§ **Aim of the exercise**:
Starting with the first line and ending with the last, transcribe the data exactly.
= = = = = = =
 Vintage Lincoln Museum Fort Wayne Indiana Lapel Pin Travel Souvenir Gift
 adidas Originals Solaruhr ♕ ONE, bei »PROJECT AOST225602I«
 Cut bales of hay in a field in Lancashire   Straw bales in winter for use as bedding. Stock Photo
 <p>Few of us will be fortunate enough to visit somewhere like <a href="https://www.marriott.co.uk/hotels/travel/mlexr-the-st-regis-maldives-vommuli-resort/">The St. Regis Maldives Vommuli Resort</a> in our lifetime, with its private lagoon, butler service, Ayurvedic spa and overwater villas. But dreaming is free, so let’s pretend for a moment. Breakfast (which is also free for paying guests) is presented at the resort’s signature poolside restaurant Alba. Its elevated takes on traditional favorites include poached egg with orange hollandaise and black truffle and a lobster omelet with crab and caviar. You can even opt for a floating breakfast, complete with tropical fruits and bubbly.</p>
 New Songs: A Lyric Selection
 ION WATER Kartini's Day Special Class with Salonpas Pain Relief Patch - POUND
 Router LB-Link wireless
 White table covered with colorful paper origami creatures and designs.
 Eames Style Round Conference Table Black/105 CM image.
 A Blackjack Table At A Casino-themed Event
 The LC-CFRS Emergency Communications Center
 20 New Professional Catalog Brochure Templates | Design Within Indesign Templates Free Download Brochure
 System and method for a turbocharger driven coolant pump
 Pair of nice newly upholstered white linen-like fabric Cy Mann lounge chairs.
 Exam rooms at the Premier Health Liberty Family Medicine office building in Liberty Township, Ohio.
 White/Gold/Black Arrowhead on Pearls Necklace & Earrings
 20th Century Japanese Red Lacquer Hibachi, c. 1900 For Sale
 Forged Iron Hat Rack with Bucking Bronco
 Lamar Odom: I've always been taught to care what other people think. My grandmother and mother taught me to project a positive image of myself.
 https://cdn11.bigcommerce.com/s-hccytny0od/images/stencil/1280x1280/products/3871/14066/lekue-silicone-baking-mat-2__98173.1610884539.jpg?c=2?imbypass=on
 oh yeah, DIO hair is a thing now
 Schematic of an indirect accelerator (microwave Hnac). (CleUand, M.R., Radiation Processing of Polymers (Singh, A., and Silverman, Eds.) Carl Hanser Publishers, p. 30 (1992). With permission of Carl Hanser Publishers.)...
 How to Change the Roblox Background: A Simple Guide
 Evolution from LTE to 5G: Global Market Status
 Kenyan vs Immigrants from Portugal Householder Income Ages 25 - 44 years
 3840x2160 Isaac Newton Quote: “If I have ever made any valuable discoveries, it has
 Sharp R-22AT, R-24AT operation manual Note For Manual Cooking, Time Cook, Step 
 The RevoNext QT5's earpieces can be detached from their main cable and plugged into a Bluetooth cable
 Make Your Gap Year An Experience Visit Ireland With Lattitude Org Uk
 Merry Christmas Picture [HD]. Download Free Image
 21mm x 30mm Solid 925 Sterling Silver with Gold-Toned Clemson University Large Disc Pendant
= = = = = = =
§ **Solution for this problem**:
 Vintage Lincoln Museum Fort Wayne Indiana Lapel Pin Travel Souvenir Gift
 adidas Originals Solaruhr ♕ ONE, bei »PROJECT AOST225602I«
 Cut bales of hay in a field in Lancashire   Straw bales in winter for use as bedding. Stock Photo
 <p>Few of us will be fortunate enough to visit somewhere like <a href="https://www.marriott.co.uk/hotels/travel/mlexr-the-st-regis-maldives-vommuli-resort/">The St. Regis Maldives Vommuli Resort</a> in our lifetime, with its private lagoon, butler service, Ayurvedic spa and overwater villas. But dreaming is free, so let’s pretend for a moment. Breakfast (which is also free for paying guests) is presented at the resort’s signature poolside restaurant Alba. Its elevated takes on traditional favorites include poached egg with orange hollandaise and black truffle and a lobster omelet with crab and caviar. You can even opt for a floating breakfast, complete with tropical fruits and bubbly.</p>
 New Songs: A Lyric Selection
 ION WATER Kartini's Day Special Class with Salonpas Pain Relief Patch - POUND
 Router LB-Link wireless
 White table covered with colorful paper origami creatures and designs.
 Eames Style Round Conference Table Black/105 CM image.
 A Blackjack Table At A Casino-themed Event
 The LC-CFRS Emergency Communications Center
 20 New Professional Catalog Brochure Templates | Design Within Indesign Templates Free Download Brochure
 System and method for a turbocharger driven coolant pump
 Pair of nice newly upholstered white linen-like fabric Cy Mann lounge chairs.
 Exam rooms at the Premier Health Liberty Family Medicine office building in Liberty Township, Ohio.
 White/Gold/Black Arrowhead on Pearls Necklace & Earrings
 20th Century Japanese Red Lacquer Hibachi, c. 1900 For Sale
 Forged Iron Hat Rack with Bucking Bronco
 Lamar Odom: I've always been taught to care what other people think. My grandmother and mother taught me to project a positive image of myself.
 https://cdn11.bigcommerce.com/s-hccytny0od/images/stencil/1280x1280/products/3871/14066/lekue-silicone-baking-mat-2__98173.1610884539.jpg?c=2?imbypass=on
 oh yeah, DIO hair is a thing now
 Schematic of an indirect accelerator (microwave Hnac). (CleUand, M.R., Radiation Processing of Polymers (Singh, A., and Silverman, Eds.) Carl Hanser Publishers, p. 30 (1992). With permission of Carl Hanser Publishers.)...
 How to Change the Roblox Background: A Simple Guide
 Evolution from LTE to 5G: Global Market Status
 Kenyan vs Immigrants from Portugal Householder Income Ages 25 - 44 years
 3840x2160 Isaac Newton Quote: “If I have ever made any valuable discoveries, it has
 Sharp R-22AT, R-24AT operation manual Note For Manual Cooking, Time Cook, Step 
 The RevoNext QT5's earpieces can be detached from their main cable and plugged into a Bluetooth cable
 Make Your Gap Year An Experience Visit Ireland With Lattitude Org Uk
 Merry Christmas Picture [HD]. Download Free Image
 21mm x 30mm Solid 925 Sterling Silver with Gold-Toned Clemson University Large Disc Pendant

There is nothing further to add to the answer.